Август подошел к ней, встал на колени, положил голову на край постели, спрятав лицо в простынях.
Она тихо гладила, перебирала пальцами его волосы.
— Ему всего три месяца, а он такой большой… мальчишка… Сын был бы, — говорила она.
Август поднял лицо, смотрел на жену так, словно не понимал, о чем она говорит.
— Сколько горя за одни сутки, — сказала она опять очень спокойно и тихо.
Вдруг он вспомнил то, о чем ее надо было спросить.
— Как ты чувствуешь себя?
— Ничего. Хорошо. Только слабость. И спать очень хочется.
— Так ты усни. Усни.
— Нет.
— Почему?
— Я подожду тебя. Иди. Похорони его. Знаешь… в конце сада есть молодой тополек.
Август поднялся с колен. Растерянно огляделся. Ослабевшей тонкой рукой Надя молча показала ему на большой эмалированный таз, покрытый простыней.
— Не пугайся. Там много крови.
За стеной, на улице слышались приглушенные голоса. Должно быть, они и разбудили Надю.
Еще не открывая глаз, она прислушалась. Один голос был мужской, знакомый, кажется, Худайкула, другие — их было несколько — женские, сливались и сбивались вместе, видимо, в чем-то убеждали Худайкула или спорили с ним.
Потом голоса за стеной стихли. Немного погодя Худайкул хрипло говорил с кем-то уже во дворе, у террасы.
— Удивительный народ эти женщины. Никакого понятия не имеют. Легче курица может понять человека, либо овца, чем эти женщины. Я им одно — они мне другое. Я им говорю — спит человек, больная, нельзя к ней, а они мне опять свое: пусти да пусти. — Худайкул старался говорить шепотом, но не умел этого делать и как-то натужно хрипел. — Черт их не знает. Еле ушли. Говорят — не пойдем никуда. Сядем вот тут у стены да и будем сидеть, пока она не проснется. Ну и народец.
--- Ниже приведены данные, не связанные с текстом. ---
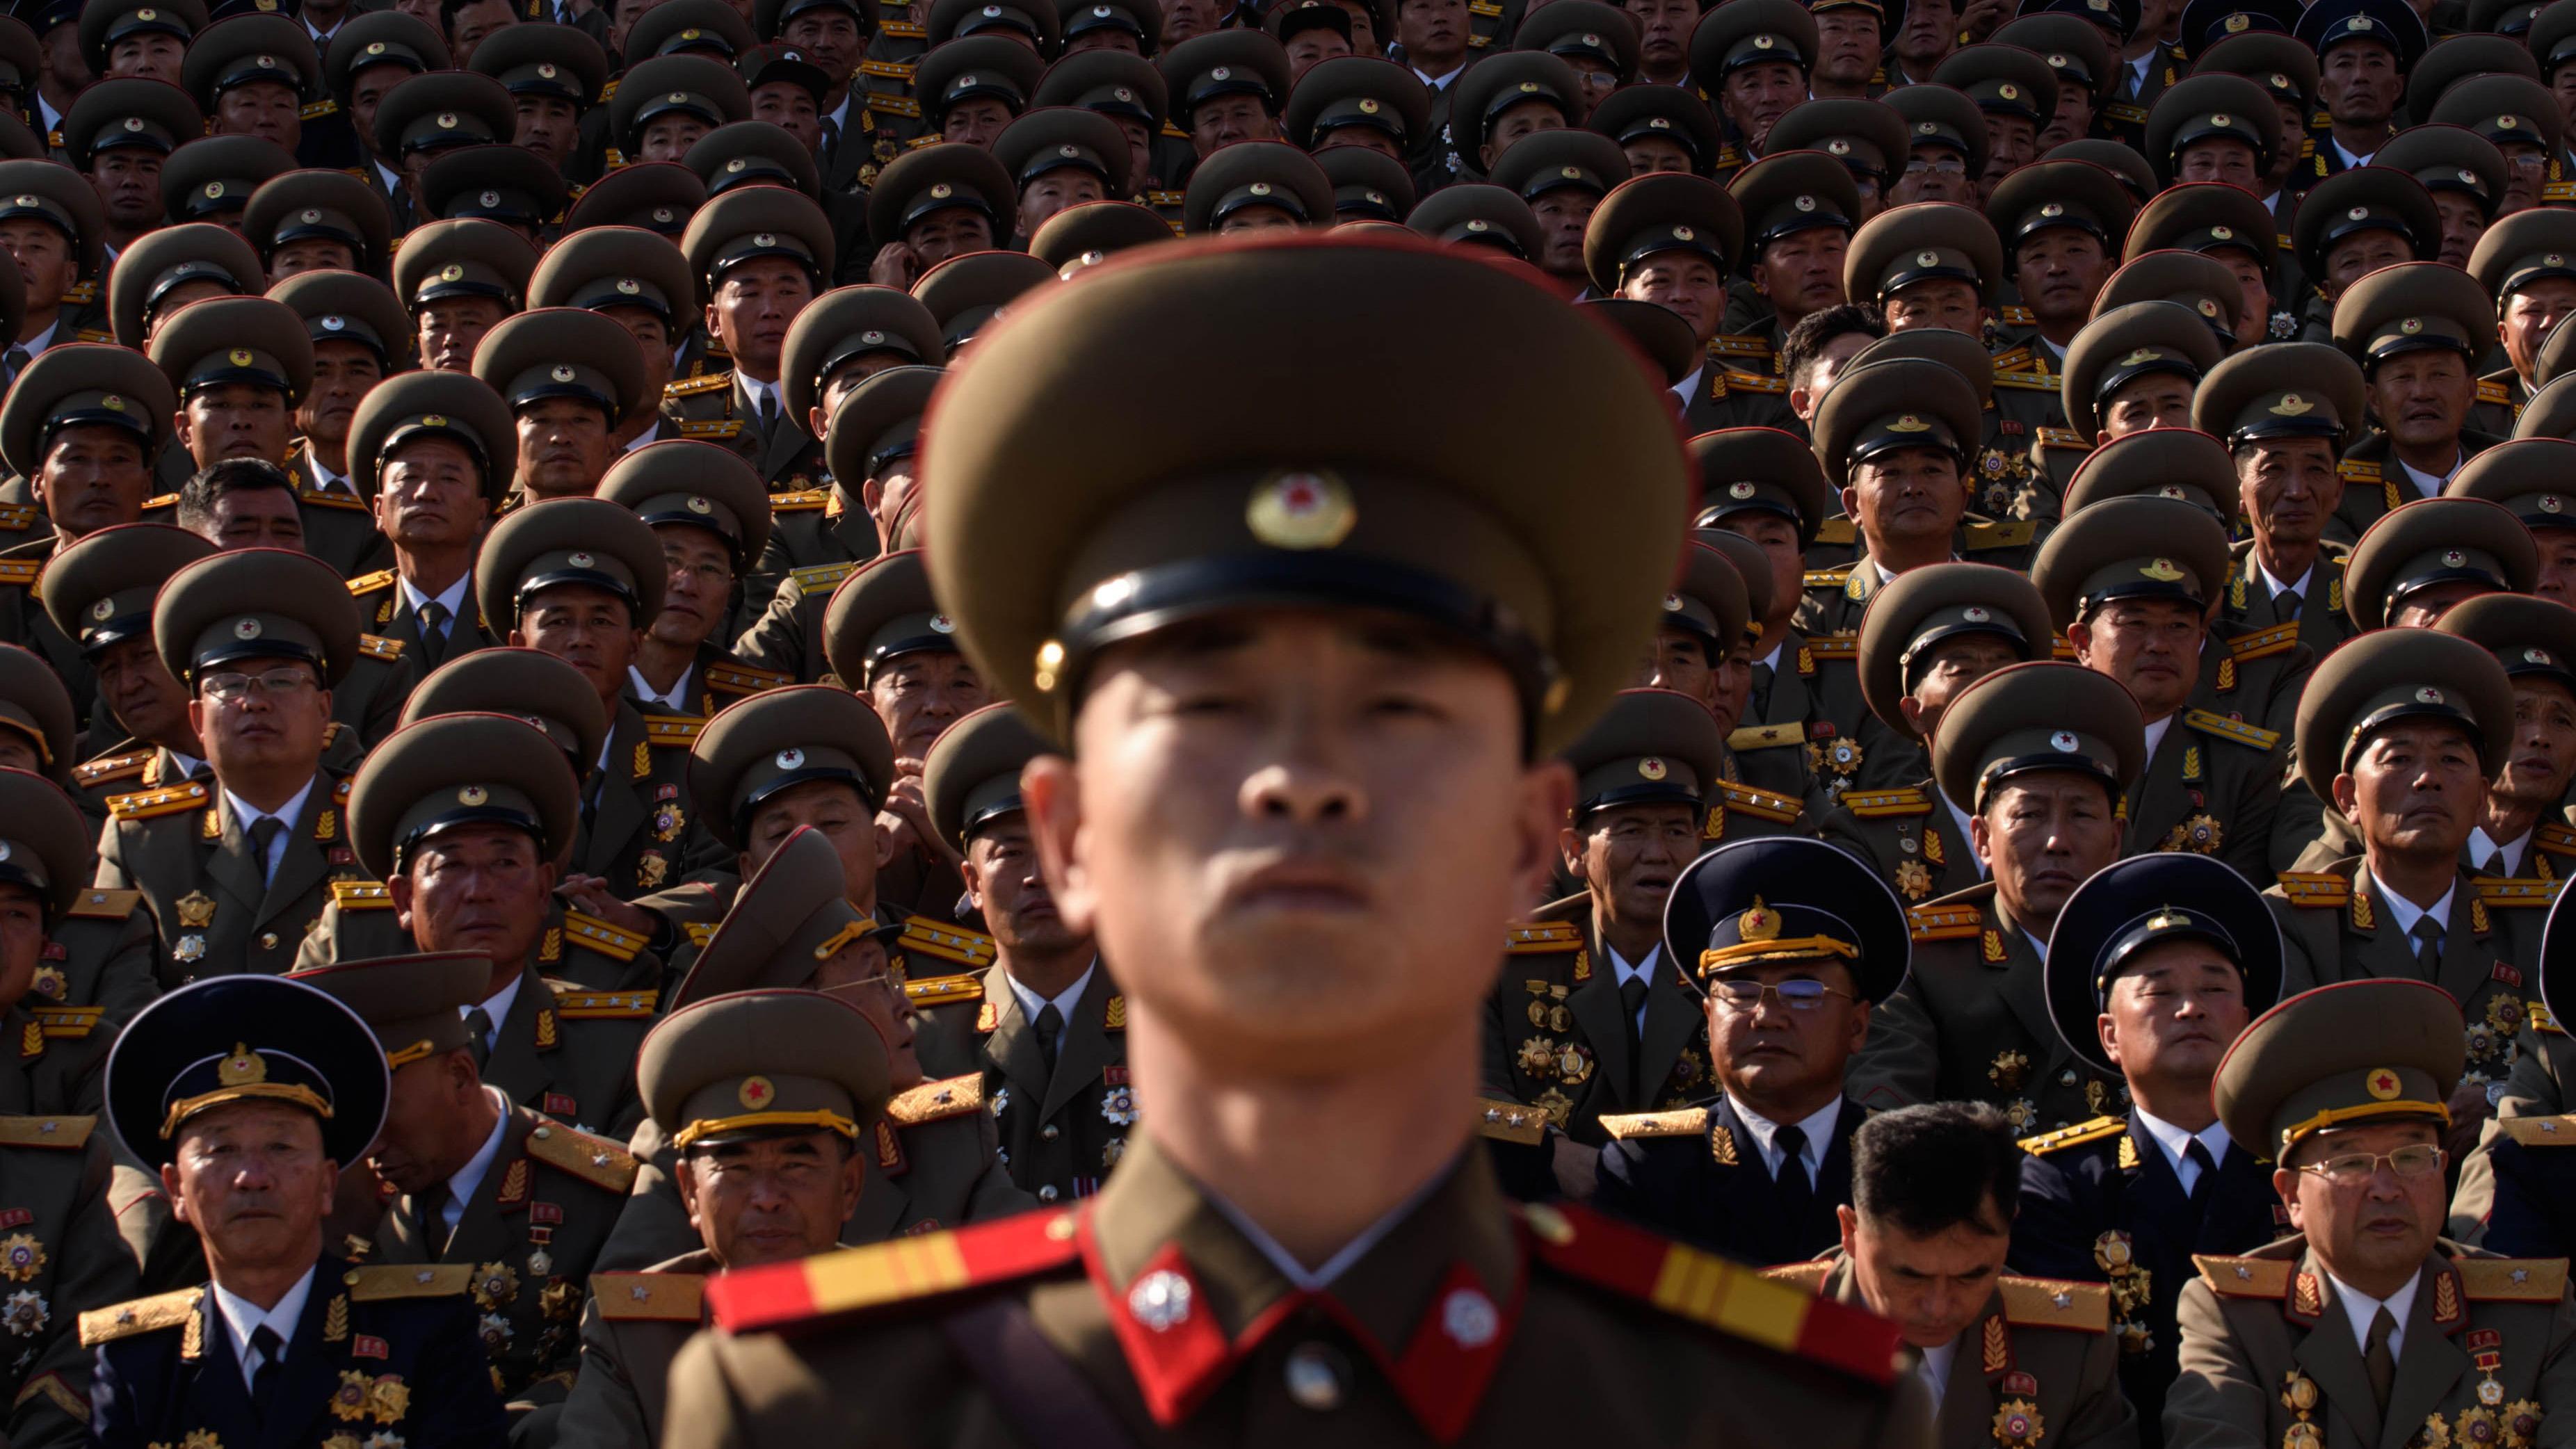 Senior Official at North Korean Spy Agency Flees to South Korea

Уф-уф! — Худайкул шумно вздохнул.
— Ясное дело — ей сейчас покой нужен, — кто-то ответил Худайкулу таким же хриплым тяжелым шепотом.
Помолчали.
Надя уловила в комнате запах махорочного дыма, вероятно, кто-то курил на террасе.
— Так на чем же поехал Кузьма Захарыч? — опять кого-то спросил Худайкул.
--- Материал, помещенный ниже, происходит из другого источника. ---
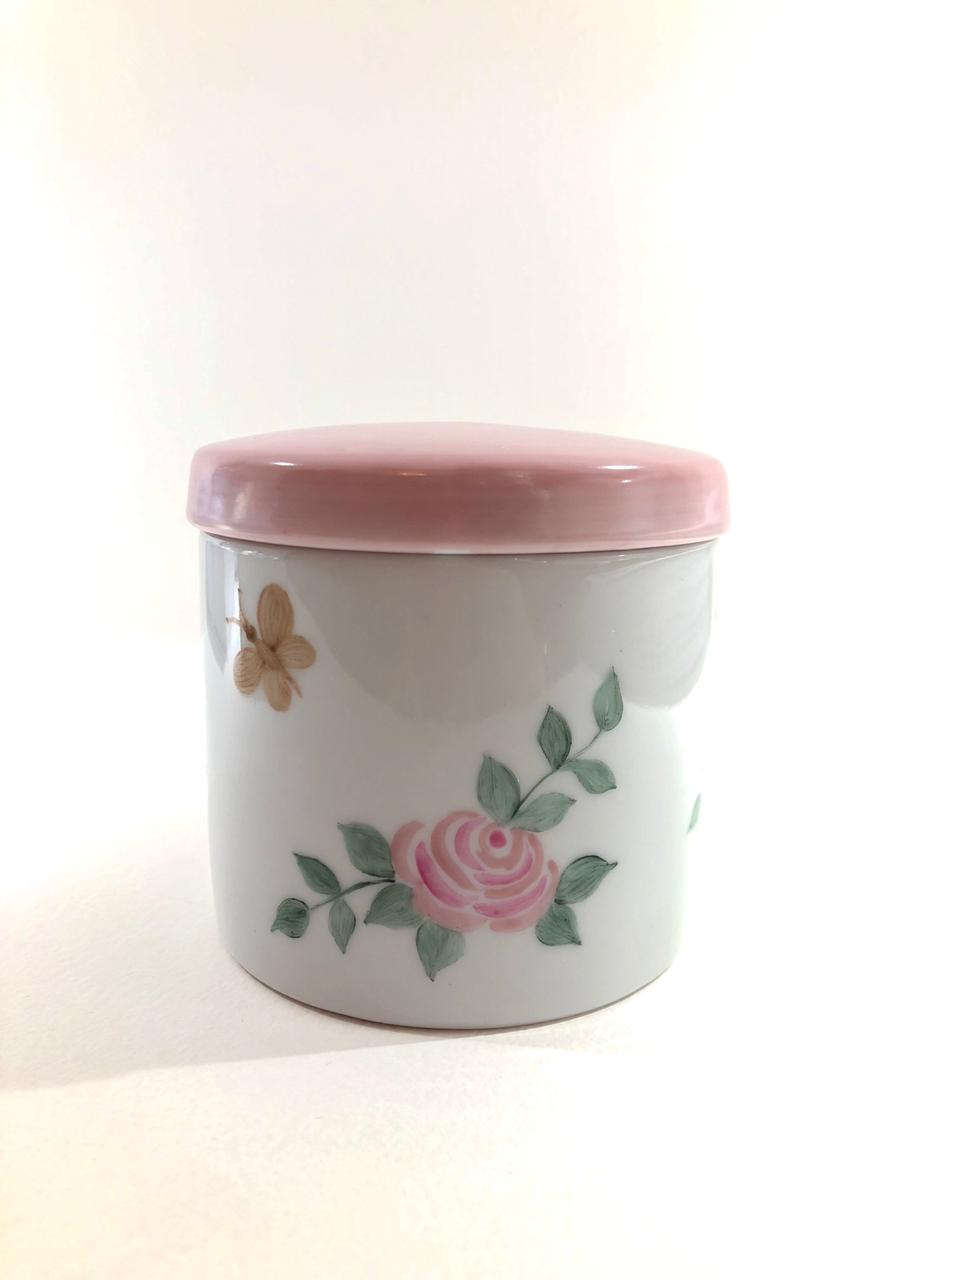 Kit higiene Puro Amor com capa bordada – 6 peças

— Есть у меня двуколка… неказистая такая, на железном ходу, — натужно хрипел в ответ чей-то голос. — Сам ось привез от Курбана-кузнеца, сам оглобли приладил, колеса, сам верх сколотил, сам покрасил. Вот он на ней и поехал.
Снова наступила пауза.
Надю подмывало любопытство, хотелось встать и выглянуть в окно, откинув в сторону марлевую занавеску, но она боялась разбудить Августа. Намучившись, он крепко спал на краешке кровати, повернувшись к Наде спиной и подложив под левую щеку обе ладони, «Как он намучился со мной… Родной мой, милый Август… Что я думала о нем тогда, в Петербурге, ночью, после знакомства… Какие-то необыкновенно возвышенные ассоциации возникали в голове всю ночь! Всю ночь я не спала, все думала о нем, думала… Август!.. Римский император Октавиан… Август… Спелые яблоки… Второй Спас… Нет, я не думала про Спас… Я все думала о нем, думала — буду ли счастлива когда-нибудь. И все не верила… Всю жизнь не верила…»
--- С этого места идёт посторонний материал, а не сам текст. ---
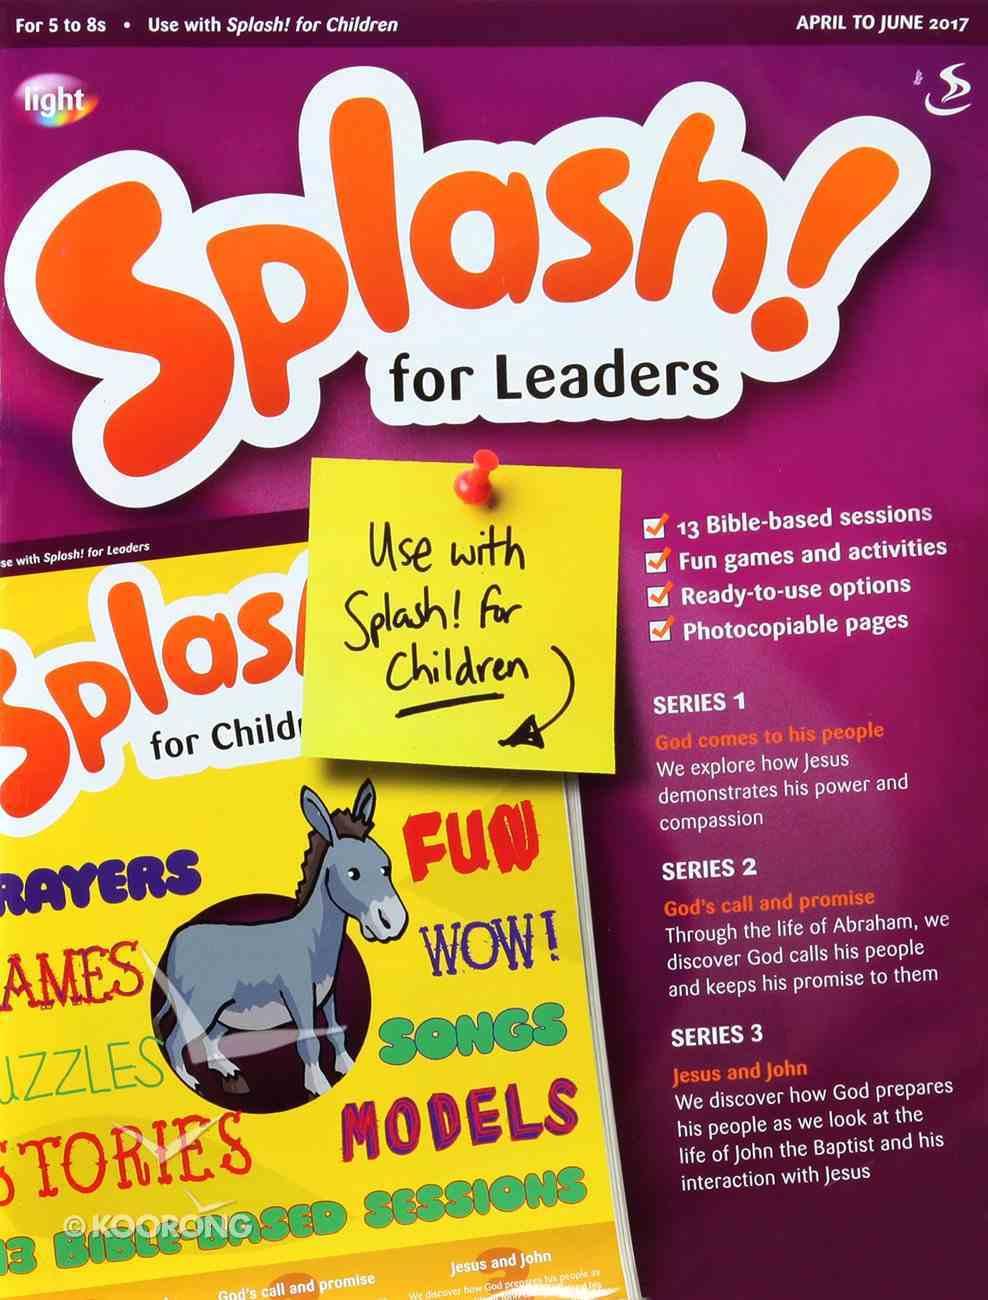 Light: Splash 2017 #02: Apr-Jun Teacher's Guide (5-8 Yrs) Paperback

Надя не заметила, как постепенно губы ее начали шевелиться и последние слова она уже тихо шептала сама себе вслух. Но в душе, рядом с этими словами, вдруг молча встала другая мысль и властно требовала, чтоб Надя вспомнила о ней, подумала. Где-то глубоко, подсознательно возникла эта мысль, и Надя знала, что это не мысль, а боль. Она прислушалась к ней и тихо застонала.
— Эта боль… Больно мне… Больно мне… молодой тополек…
— Что с тобой, Надюша? — спросил Август, повернулся и приподнялся на локте.
— Где ты похоронил… его? — спросила она вместо ответа.
— Где ты сказала — в конце сада, под двумя тополями.
— Как? Это в правом углу. А в левом… в левом углу сада, за вишенником, растет молодой тополек… Он там один…
— Не знаю. В конце концов… не все ли равно?
— Как?.. Что ты говоришь, Август?!
Она всегда чуточку сердилась, негодовала, когда в душе ее вдруг совершенно неожиданно возникало это знакомое чувство холодной тяжести, замка, сердилась то ли на себя, то ли на этот замок. Но сейчас она вдруг обрадовалась, что он снова появился. «Он поможет мне — поможет молчать… крепиться…» — подумалось ей.
— Это ужасно, — сказала она.
— Что ужасно?.. Пожалуйста, я могу сделать так, как ты хочешь, — прошептал Август.
— Зачем же? Пусть он лежит там… Я совсем не о том хотела сказать… Не о нем думала… Это ужасно… Понимаешь? Я проснулась и стала думать о счастье, снова о счастье. А о нем забыла. То, что было ночью, как-то на миг забыла.
— Да-а, Ангрен, будь он неладный, — кто-то громко сказал и вздохнул на террасе, должно быть забывшись, потому что тотчас на него испуганно зашикали.
Там долго было тихо, потом знакомый Наде низкий шепот натужно заскрипел:
— Ну ладно, майли. Шайтан с ними, с бабами. На то ведь они и бабы. А ты-то, скажи, понятие имеешь? Зачем ты явился? Ведь уж я сказал тебе, спасительница наша сама заболела. Теперь ее спасать надо. Ясно тебе это или неясно?
— Ясно, дядя Худайкул.
— Ну, а чего ты тогда тут сидишь?
— Повидать ее мне надо.
— Ха! Опять он за серую перепелку. Ну скажи хоть ты ему чего-нибудь, Филипп. Вразуми его, пожалуйста.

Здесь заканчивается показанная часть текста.